Wednesday, February 21, 2018

Been a while


Good morning, myself

It's been a while. Like a year plus, you've through a lot; I thought we were doing better, but we starting to relapse.

The flu season has been a bad one, you've been deathly ill a lot. And more than likely your going to lose your job in a few weeks.

More importantly even though Callie, who we'll need to discuss later, came back those viscious, dangerous thoughts have started to return. Honestly, wanting to roll your car to get sympathy from your love ones and a way to get out of loosing your job?

I'm better than this. This was supposed to stop after I lost my job at Mercy. The only job I've ever wanted as a career, at least since college. Why am I still resisting getting my license back and getting in that horse.

I'll need a job anyway. I can only make so many excuses for my current one. Bring a hard worker when I'm there isn't enough when I've missed probably twelve days in three months. Must of them because I convinced myself I didn't want my job.

Oh by the way the job I'm taking about is winnebago first shift. Currently we work 70 hour work week. Which is about 16 hours more than body can handle. Dan is going to kill me later on when I start going to work again. He's pretty much Mr Rutt all over again, except he doesn't fill me with respect and I can leave whenever I want. And by that I mean quit.

Oh sorry and by working for bego I mean I'm back at Express Services.

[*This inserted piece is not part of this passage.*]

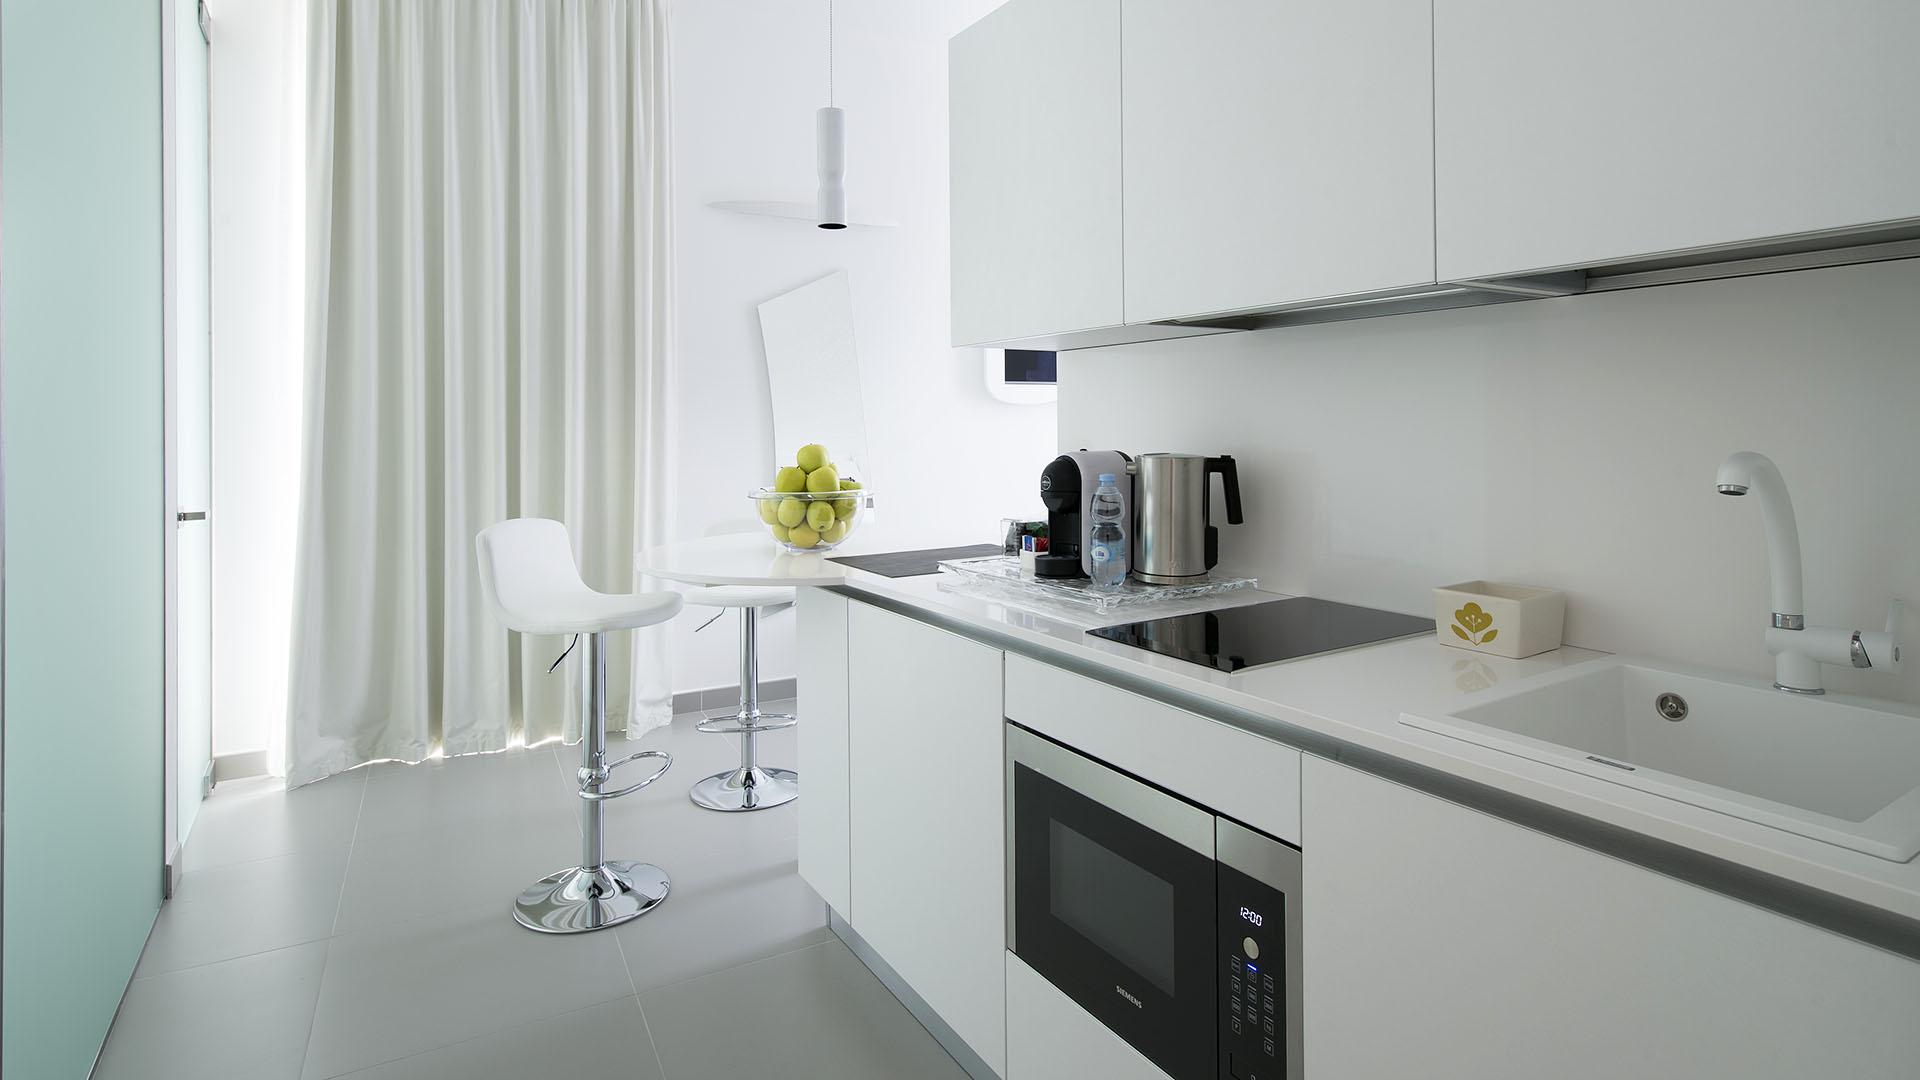 Mia Aparthotel Milano - Appartamento Enjoy - Appartamento Business- Cucina

I don't understand why in doing this again. Is it sure stupid defense mechanism against getting hurt. I hope not, all it ever does is hurt me... I do seem to enjoy things that hurt me. I wonder if they're connected?

Oh well,
Nathan

P.s. as to of the Matt-Paige front if your curious, they're getting married in August. And if he screws it up I'm told I have full rights to hurt him. And Grandpa tells me she maybe pregnant and they may already be married on paper because of it.

P.p.s. I really hope that's not why I'm having issues. If be so disappointed.